Лена, дежурившая у больного по очереди с Тамарой Ивановной, на рассвете поскреблась к Павлу, принесла чай, рюмку коньяку.
- Слышу, не спите. Выпейте это. Чем нервы взбудоражили, тем и надо гасить.
Еще не рассвело даже, серым было окно. В дверях стояла тоненькая женщина в белом халате, держа в протянутых руках стакан и рюмку. Лица было не видно. Только белая одежда и эти вот дары забвения в протянутых руках.
- Вы, как святая, - сказал Павел. - Но я не пью по утрам. Зарок дал. Когда стал работать на отлове, зарок дал Бабашу. Змеелову вообще нельзя пить, а уж утром - это все равно что к смерти себя приговаривать.
- Так вы теперь не змеелов, - сказала Лена. - Но это хорошо, что зароку верны.
- Нет, я и теперь змеелов. Еще не отвык. Да и не знаю, к чему другому буду привыкать.
- Вернетесь в свою торговлю?
- Если пустят.
- Там честно-то можно работать?
- Честно везде можно... А что я еще умею? На завод, на стройку? Кем?
- Трудно вам. А все-таки выпейте хоть чаю. - Лена поставила стакан на пол у двери, чтобы не переступать порога, и исчезла.

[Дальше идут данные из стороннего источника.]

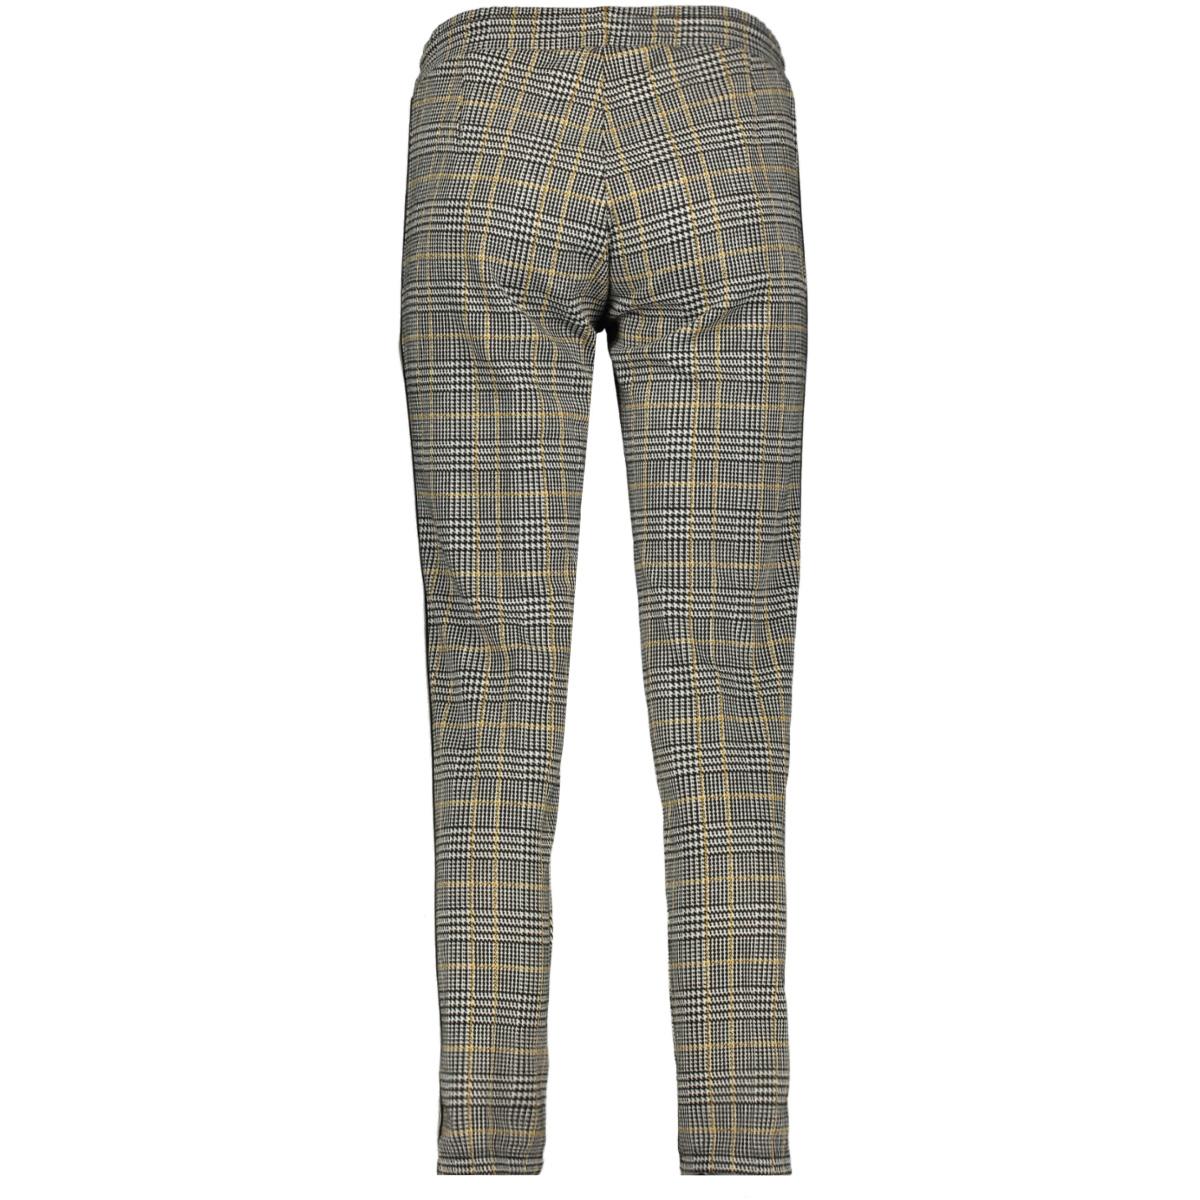 broek met pied de poule print 1013265xx70 tom tailor broek 19092

Верно, чай помог, крепчайший этот чай, от которого и спокойный станет беспокойным, помог Павлу задремать под утро, но только до самого первого солнечного луча, заглянувшего в комнату. Привык просыпаться с первыми лучами. Привык и в яростную зарядку бросать сразу же тело. Да это и не зарядка была, это был бой, и не с одним, а с несколькими противниками, когда надо падать, прыгать, оборачиваться, и делать это все на миг быстрее, чем те, которые на тебя нападают, а те, которые на тебя нападают, умеют ловить птиц в полете. Это была наука Владимира Бабаша. Не зарядка, чтобы мускулы пели, а выучка в бою, чтобы не погибнуть уже сегодня или завтра, когда выйдешь на работу. Потому-то так и внедрилась в Павла эта наука, хотя проработал он змееловом всего год, даже меньше, если говорить о сезоне отлова, что не было и не могло быть у змеелова выбора. Либо - либо. За год, что поработал, погибло двое парней, старший брат Бабаша погиб.